Mr. Gubic also says he tries to ensure that the camera is on during a video call.

“It’s really important to have the camera on so you can still see those facial cues, expressions,” he says. “There’s a lot more nonverbal communication that happens in a meeting that you can’t get on the telephone.”

Security issues and miscommunication

However, Suzana Popovic-Montag, managing partner at Hull & Hull LLP in Toronto, says even if some clients may be more comfortable in familiar environments such as their homes, there are other issues that financial advisors and lawyers need to be aware of. They can range from online security – such as taking technical measures to protect meetings from the rising threat of being hacked – to the possibilities for miscommunication.

“It’s easier for things to be taken out of context [in a remote meeting],” Ms. Popovic-Montag says.

It can, sometimes, be hard to pick up on a client’s social cues in a virtual environment and that can lead to accidental misinterpretations, she adds. Even difficulties with making the technology work can lead to distractions.

“That can have an impact on the relationship and make it harder to solidify closeness [with the client],” she says. “There is also the possibility of a lack of engagement.”

How to reassure clients

She suggests taking time for remote meetings and including a social conversation that helps put the client at ease. In instances in which cognitive decline is suspected, Ms. Popovic-Montag says a health care professional might need to become involved to conduct a formal capacity assessment.

“That’s a tough conversation to have with a client,” she notes.

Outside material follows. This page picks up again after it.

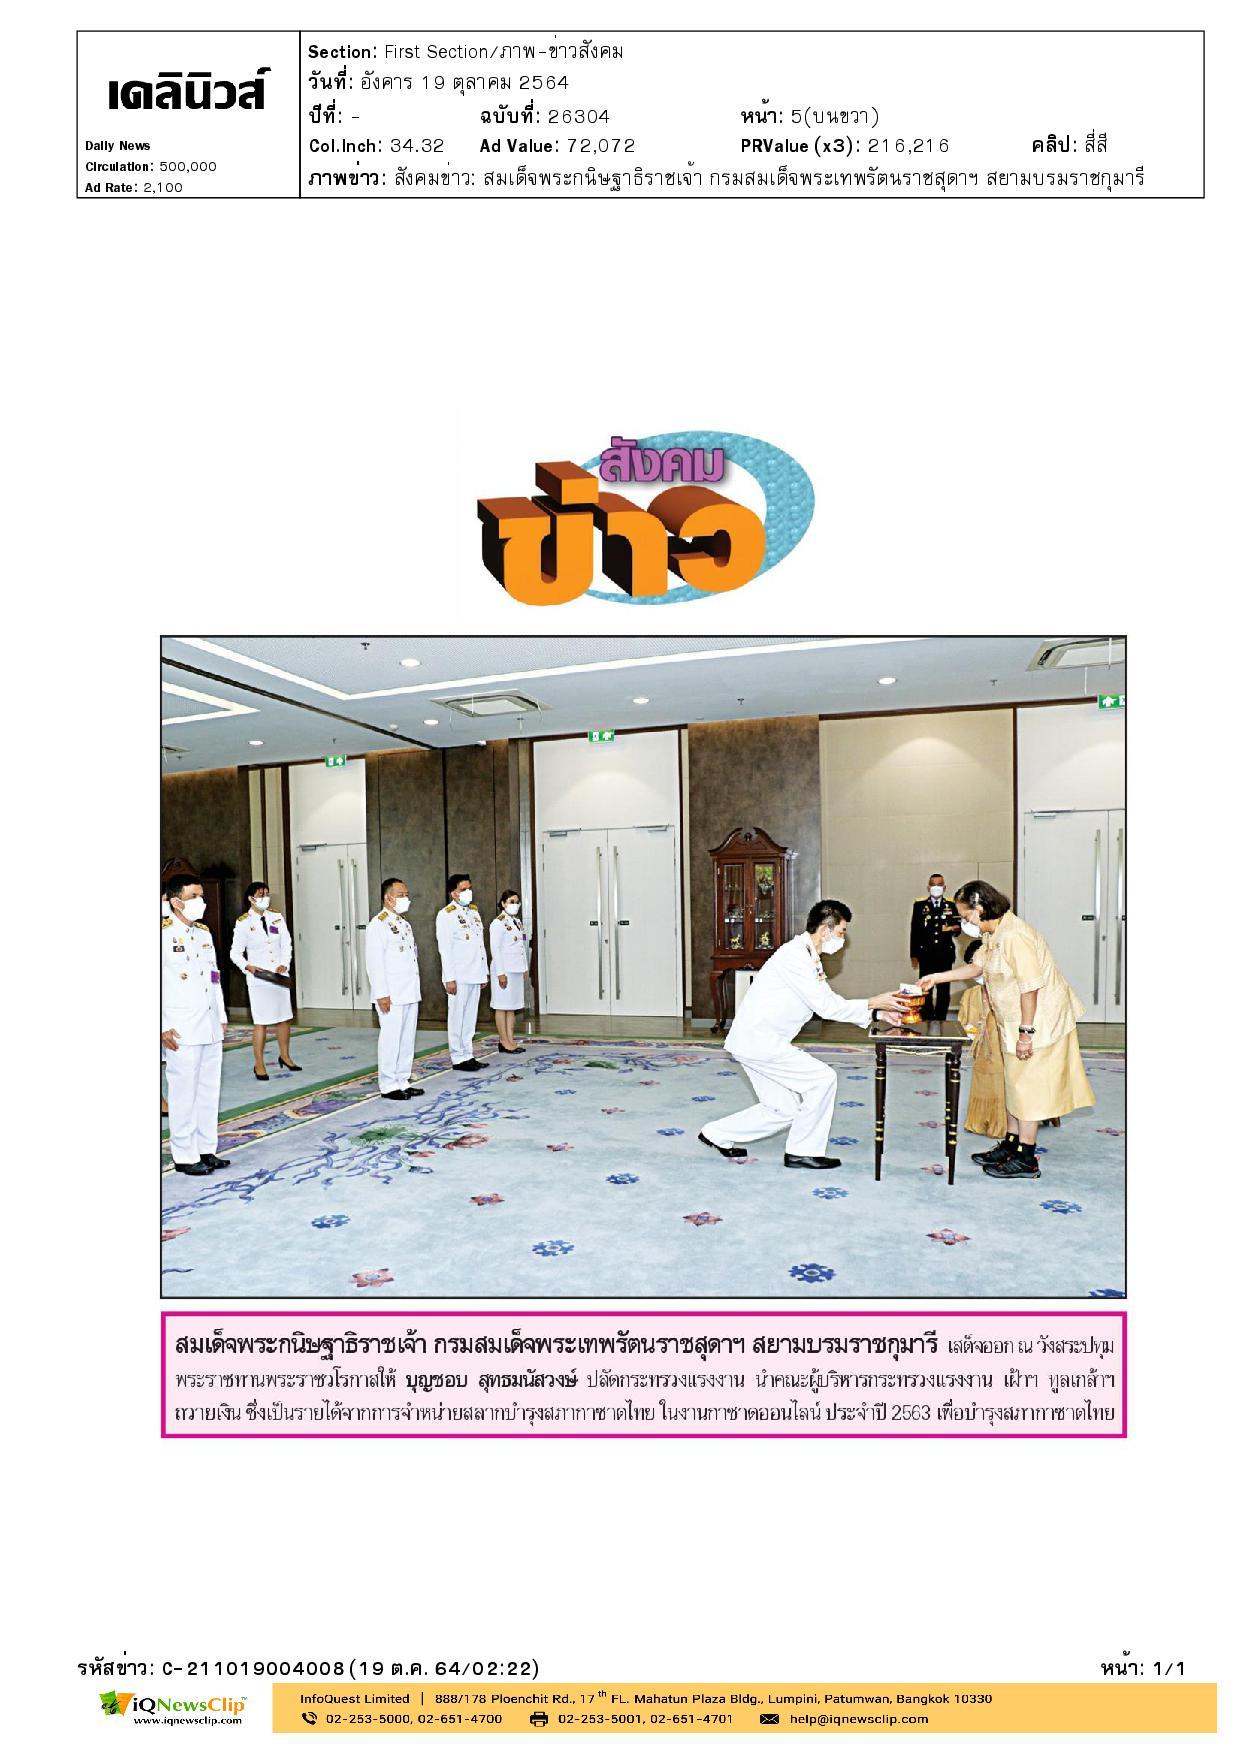 ทูลเกล้าฯ ถวายเงินรายได้จากการจำหน่ายสลากบำรุงสภากาชาดไทย ในงานกาชาดออนไลน์ประจำปี 2563

Her approach is to reassure the client that such measures will help to withstand future challenges to their financial or estate plan by third parties. The best way to do that is to have a health care professional do a capacity assessment, so that if someone later tries to question the financial arrangements made by a client, an advisor can say, “That person was capable and here is proof of that.”

In terms of the future, Mr. Gubic expects the client preference for virtual meetings to continue.

“There are a small amount of clients who are talking about coming back to the office,” he says.

“So, I do see the future being a bit of a hybrid. But what I am experiencing with my clients, is that by far, most prefer virtual.”